Most neural network computations involve multiply-and-add
computations. For example, the core computation of a CNN is
convolution, which involves a high-order nested loop. For feature
extraction, a CNN convolves input image pixels with a set of
filters over a set of input channels (e.g., red, green and blue),
followed by nonlinear computations, down-sampling computations, and
class scores computations. The computations have been shown to be
highly resource-demanding. Thus, there is a need for improvement in
neural network computing to increase system performance.
SUMMARY
[0005] In one embodiment, a deep learning accelerator (DLA) is
provided for performing deep learning operations. The DLA includes
processing elements (PEs) grouped into PE groups to perform
convolutional neural network (CNN) computations, by applying
multi-dimensional weights on an input activation to produce an
output activation.

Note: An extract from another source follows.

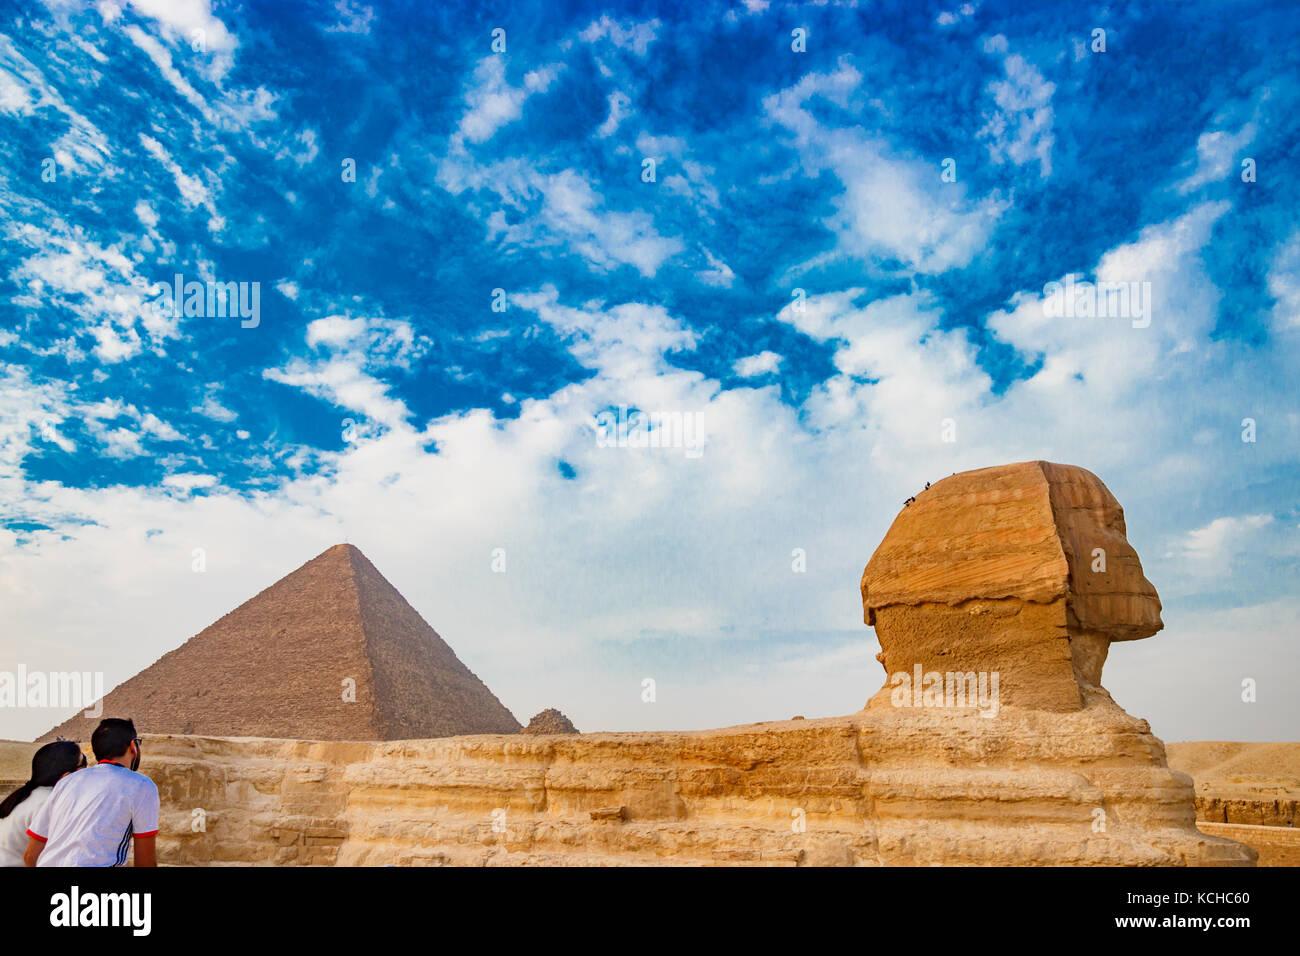 Admirer le sphinx au Caire, Egypte Photo Stock

The DLA further includes a dispatcher which
dispatches input data in the input activation and non-zero weights
in the multi-dimensional weights to the processing elements
according to a control mask. The DLA further includes a buffer
memory which stores the control mask which specifies positions of
zero weights in the multi-dimensional weights. The PE groups
generate output data of respective output channels in the output
activation, and share a same control mask specifying same positions
of the zero weights.
[0006] In another embodiment, a method is provided for accelerating
deep learning operations. The method comprises: grouping processing
elements into PE groups, each PE group to perform CNN computations
by applying multi-dimensional weights on an input activation. The
method further comprises: dispatching input data in the input
activation and non-zero weights in the multi-dimensional weights to
the PE groups according to a control mask. The control mask
specifies positions of zero weights in the multi-dimensional
weights, and the PE groups share a same control mask specifying
same positions of the zero weights. The method further comprises:
generating, by the PE groups, output data of respective output
channels in an output activation.
[0007] The embodiments of the invention enable efficient
convolution computations by selecting an operation mode suitable
for the input size. The multipliers in the system are shared by
different operation modes. Advantages of the embodiments will be
explained in detail in the following descriptions.
BRIEF DESCRIPTION OF THE DRAWINGS
[0008] The present invention is illustrated by way of example, and
not by way of limitation, in the figures of the accompanying
drawings in which like references indicate similar elements. It
should be noted that different references to "an" or "one"
embodiment in this disclosure are not necessarily to the same
embodiment, and such references mean at least one. Further, when a
particular feature, structure, or characteristic is described in
connection with an embodiment, it is submitted that it is within
the knowledge of one skilled in the art to effect such feature,
structure, or characteristic in connection with other embodiments
whether or not explicitly described.
[0009] FIG. 1 illustrates a deep learning accelerator according to
one embodiment.
[0010] FIG. 2 illustrates an arrangement of processing elements for
performing CNN computations according to one embodiment.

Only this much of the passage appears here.